Investing in local infrastructure requires long term funding. Many communities can’t afford to match federal contributions themselves, especially since most municipalities have already set their capital budgets for 2009. This may promote privatization through p3s as communities to seek private finance for their share in order to match the federal contribution.

The current financial crisis has clearly demonstrated the dangers and high cost of relying on private corporations and markets to manage risks and provide public services. P3s are more expensive, risky, time consuming and less accountable than traditional forms of public infrastructure investment.

This infrastructure investment is supposed to stimulate the economy, but these short term investments will not generate the sustainable employment and reliable funding communities need.

What would be better choices?

Municipalities alone require a minimum of $12 billion a year to eliminate the estimated $123 billion deficit within 10 years. This could have been funded by reversing the latest 1 percent GST cut and redirecting these revenues to a public infrastructure fund for communities.

This and other new money could flow through the existing Gas Tax transfer mechanism which has a proven track record of ensuring efficiency and accountability.

A national transit strategy alone requires $40 billion over 5 years. This budget could have invested at minimum $2 billion per year.

Communities already pay for enough. Requiring that municipalities match any funds from the federal government negates the years of neglect and underfunding and the federal imperative to support local economic development. If they wanted these same dollars to actually be spent, the federal government could have used the pre-existing gas tax mechanism that already directs infrastructure funds to the cities.

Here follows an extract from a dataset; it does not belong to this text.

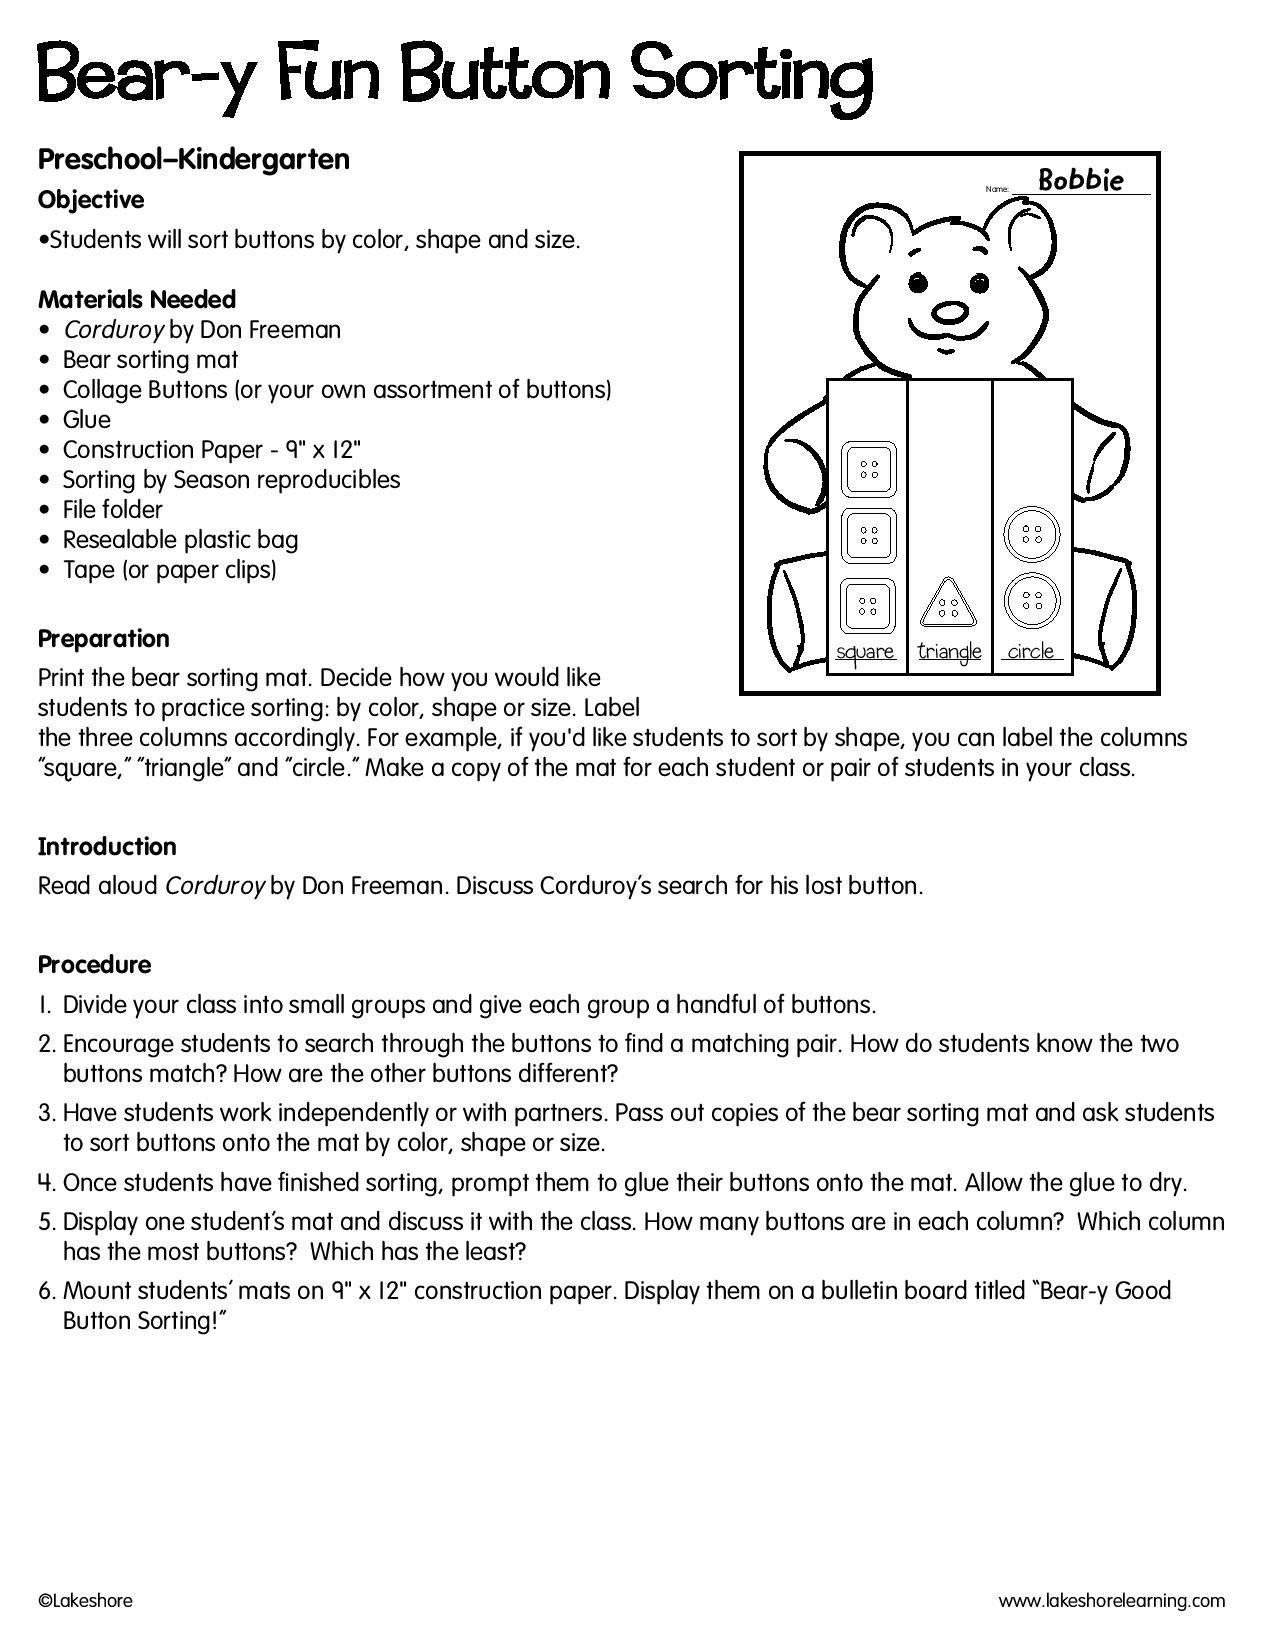 Bear Y Fun Button Sorting Lessonplan

Federal Budget 2009 represents a missed opportunity. Federal municipal infrastructure spending designed to stimulate the economy should target new projects, repairs and upgrades that are ready to go.

The Federation of Canadian Municipalities has prepared a list of thousands of project across the country that have either completed their environmental assessments or do not require them since they are not expanding any environmental footprints. These include 386 water and wastewater projects projected to create more than 30,000 jobs, 144 public transit projects expected to create more than 86,000 jobs and 362 projects in roads and bridges expected to create more than 23,000 jobs.

Communities require long term, multi-year investments that strengthen the public sector. Investments should be targeted to use local industry and benefit public and private sector workers so that skills and economic benefits remain in local economies.

The federal government could strengthen our communities by replacing P3 Canada Inc and the federal P3 Fund with a Public Assets Financing Agency and a Public Assets Fund to support securing lower cost financing for public infrastructure projects and allow the public and pension plans to invest in the secure, long term public benefits of public infrastructure and services.

Ownership and control of community assets allows governments to take action on environmental protection through improvement of public infrastructure and services. Unlike P3s, which result in a loss of local control, local economic benefits and higher costs, public ownership allows for efficient spending of the public’s tax dollars and provision of quality municipal infrastructure and services.